**This notebook is based on [the notebook by @INVISIBLE](https://www.kaggle.com/code/vyacheslavbolotin/ps-s5e4-hyperspace-as-feats).**

**Replace OrdinalEncoder/LabelEncoder with more powerful encoding.**

**OrdinalEncoder uses lexicographical order by default, so we can replace it with more powerful encoding.[Discussion here](https://www.kaggle.com/competitions/playground-series-s5e4/discussion/573253#3178652).**

**You can use "compare version" to see the changes made.**

In [None]:
pip install -qq scikit-learn==1.6.1

In [None]:
import os, gc, psutil
import polars as pl, pandas as pd;  pd.set_option('display.max_columns', 100) 

import numpy as np

import matplotlib.pyplot as plt;    plt.style.use("seaborn-v0_8")
import seaborn as sns;              sns.set_palette("husl")

import warnings;                    warnings.simplefilter('ignore')

import lightgbm as lgb

from sklearn.preprocessing   import TargetEncoder
from sklearn.model_selection import KFold

from tqdm import tqdm


def memory_usage():
    """
    Returns the current memory usage of the process in MB.
    """
    process = psutil.Process(os.getpid())
    mem = process.memory_info().rss / (1024 * 1024)  # Convert bytes to megabytes
    return f"Memory Usage: {mem:.2f} MB"

In [None]:
original_df       = pd.read_csv("/kaggle/input/podcast-listening-time-prediction-dataset/podcast_dataset.csv")
train_df          = pd.read_csv('/kaggle/input/playground-series-s5e4/train.csv', index_col='id')
test_df           = pd.read_csv('/kaggle/input/playground-series-s5e4/test.csv',  index_col='id')
sample_submission = pd.read_csv('/kaggle/input/playground-series-s5e4/sample_submission.csv')


# Concatenate original data with synthetics ones
train_df = pd.concat([train_df, original_df], axis=0, ignore_index=True); train_df.drop_duplicates()

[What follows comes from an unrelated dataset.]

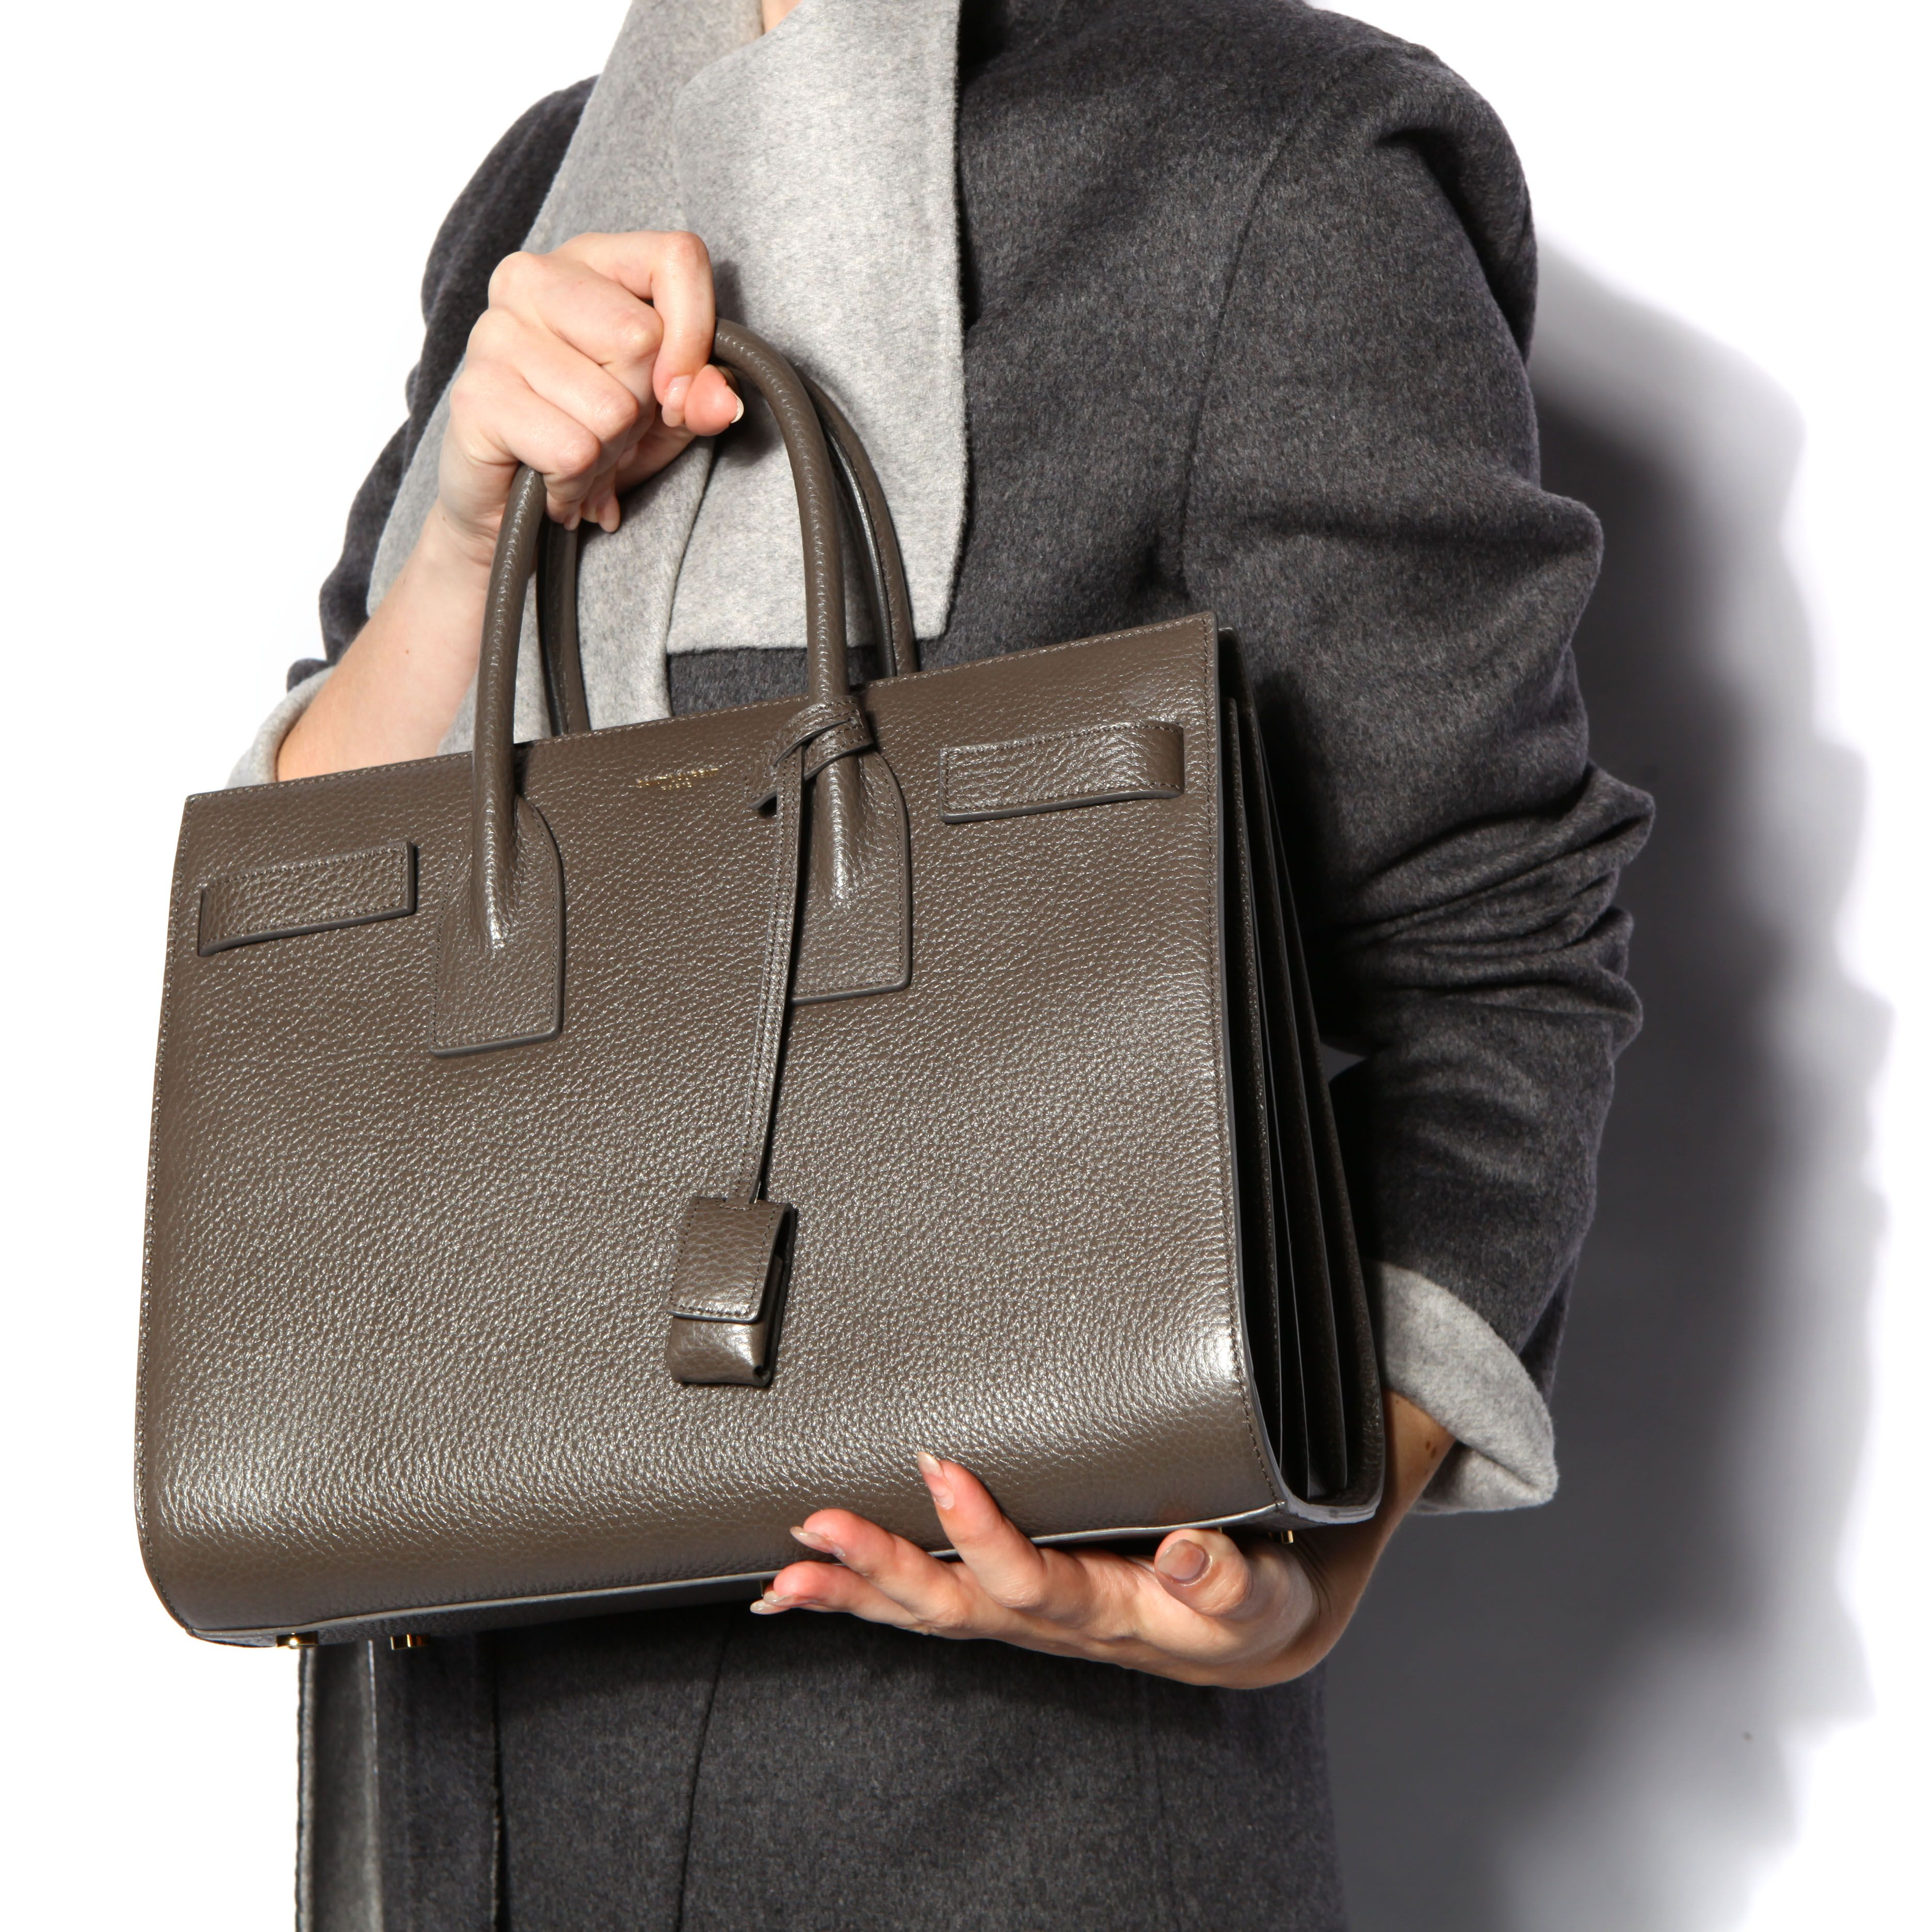 YSL envelope large bag | Ysl envelope, Yves saint laurent

print("\nData Info:");                  display(train_df.info())
print("\nNumerical Features Summary:"); display(train_df.describe())
print("\nFirst 3 rows of Dataset:");    display(train_df.head(3))

In [None]:
# Visual analitic

def numerical_distrib_analysis(data, numerical_features):
    """
    Analyzes the distribution of numerical features using histograms and boxplots.

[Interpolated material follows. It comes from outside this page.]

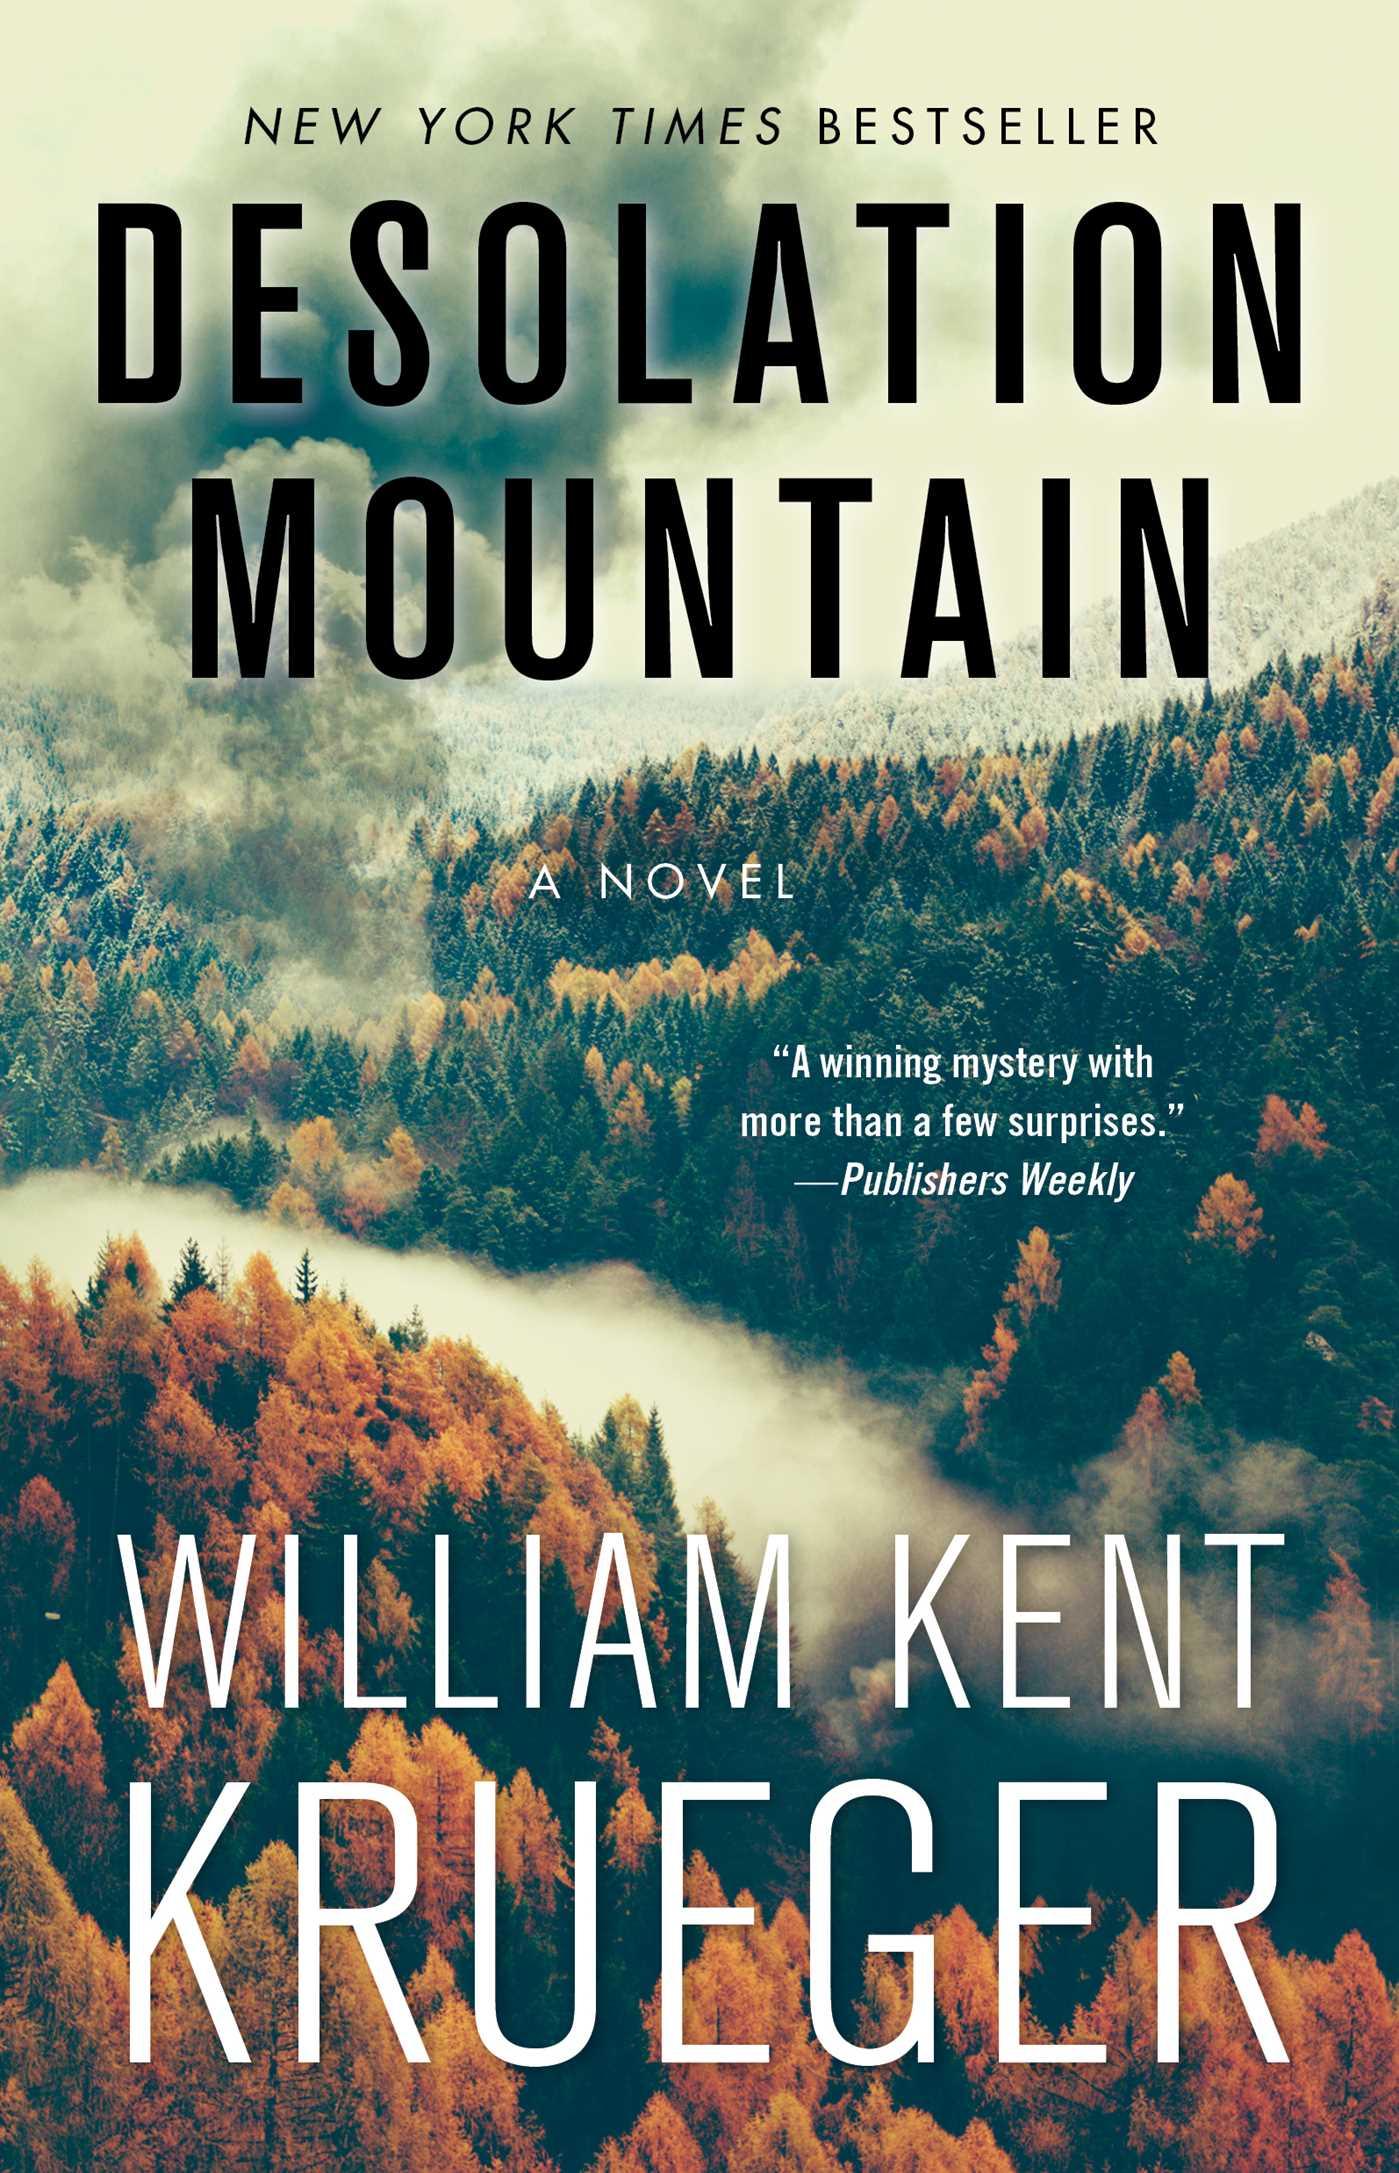 Desolation mountain 9781501147470 hr

    :param data: Pandas DataFrame containing the dataset
    :param numerical_features: List of numerical column names
    """
    for feature in numerical_features:
        plt.figure(figsize=(5, 2))

        # Histogram with KDE curve
        plt.subplot(1, 2, 1)
        sns.histplot(data[feature], kde=True, bins=30)
        plt.title(f"Histogram of {feature}")
        plt.xlabel(feature)
        plt.ylabel("Frequency")

        # Boxplot to detect outliers
        plt.subplot(1, 2, 2)
        sns.boxplot(x=data[feature])
        plt.title(f"Boxplot of {feature}")

        plt.tight_layout()
        plt.show()

        # Additional statistics
        print(f"\nStatistics for {feature}:")
        print(f"Skewness: {data[feature].skew():.2f}")
        print(f"Missing Values: {data[feature].isnull().sum()}")

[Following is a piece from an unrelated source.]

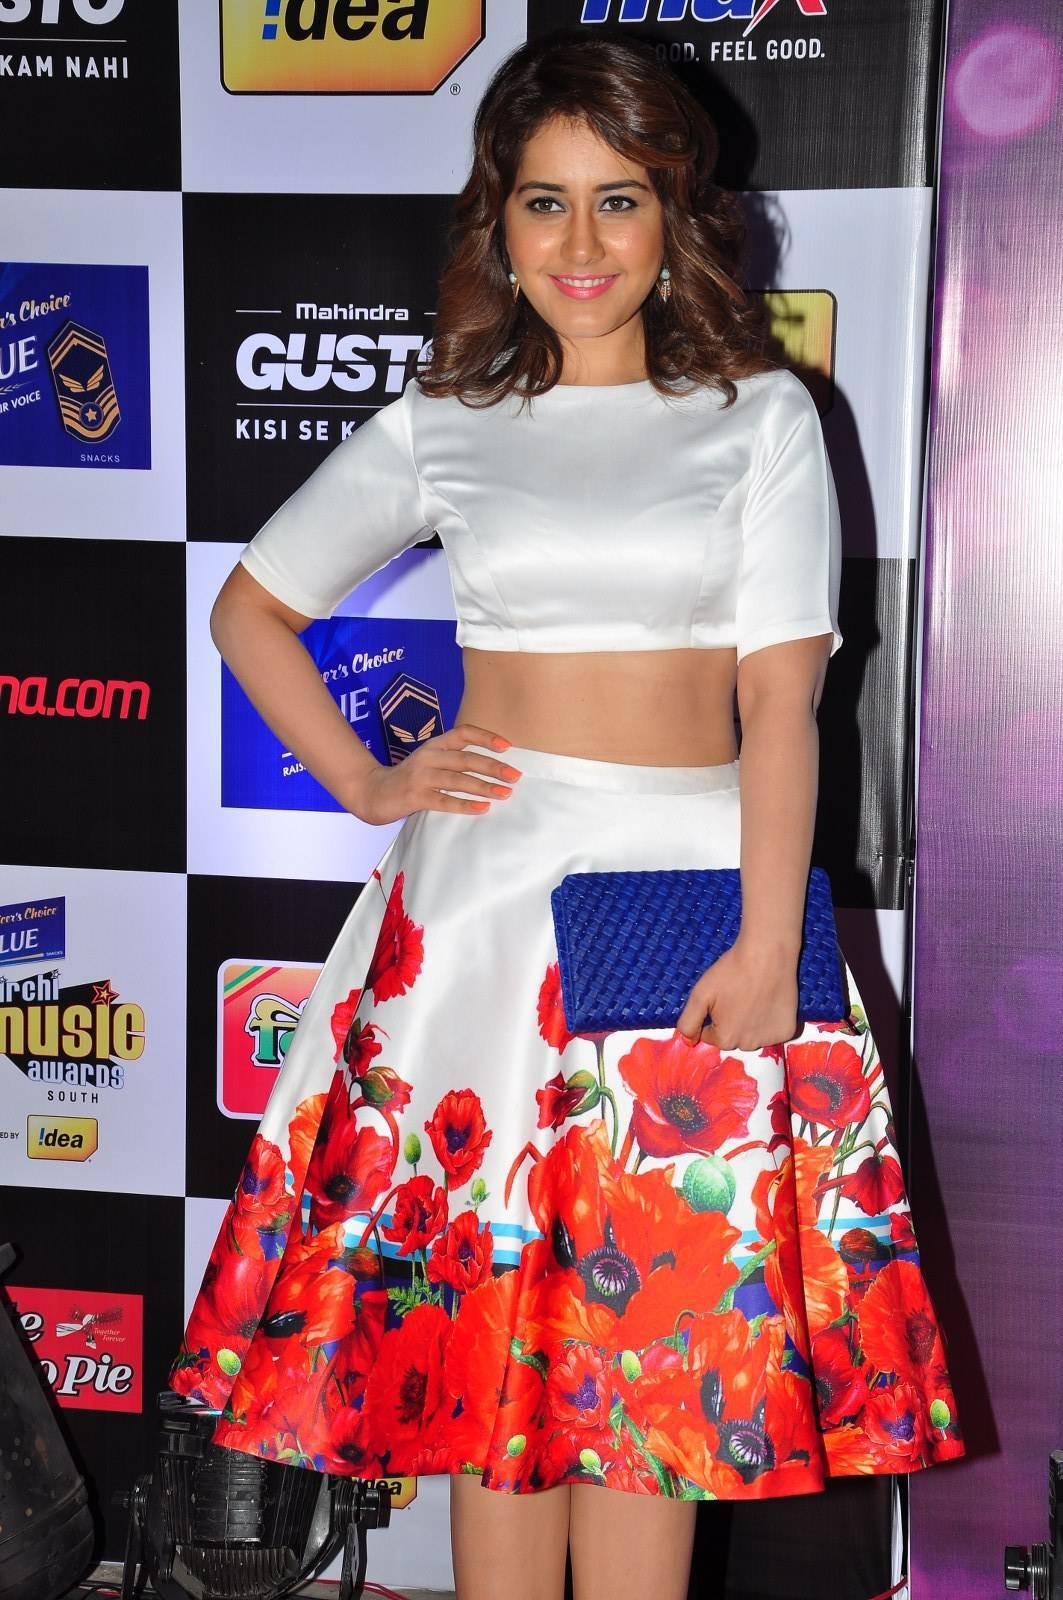 South Indian Actress Rashi Khanna Photos at Music Awards In White Dress

def categorical_distrib_analysis(data, categorical_features, top_n=10):
    """
    Analyzes and visualizes the distribution of categorical features.

    :param data: Pandas DataFrame containing the dataset
    :param categorical_features: List of categorical column names
    :param top_n: Max number of top categories to display for high-cardinality features
    """
    for feature in categorical_features:
        plt.figure(figsize=(4, 3))

        unique_count = data[feature].nunique()

        if unique_count > top_n:
            # Show only the top_n most frequent categories
            top_categories = data[feature].value_counts().nlargest(top_n)
            sns.barplot(x=top_categories.index, y=top_categories.values, palette="pastel")
            plt.title(f"Top {top_n} Categories of {feature}")
        else:
            # Show all categories
            sns.countplot(x=data[feature], order=data[feature].value_counts().index, palette="pastel")
            plt.title(f"Distribution of {feature}")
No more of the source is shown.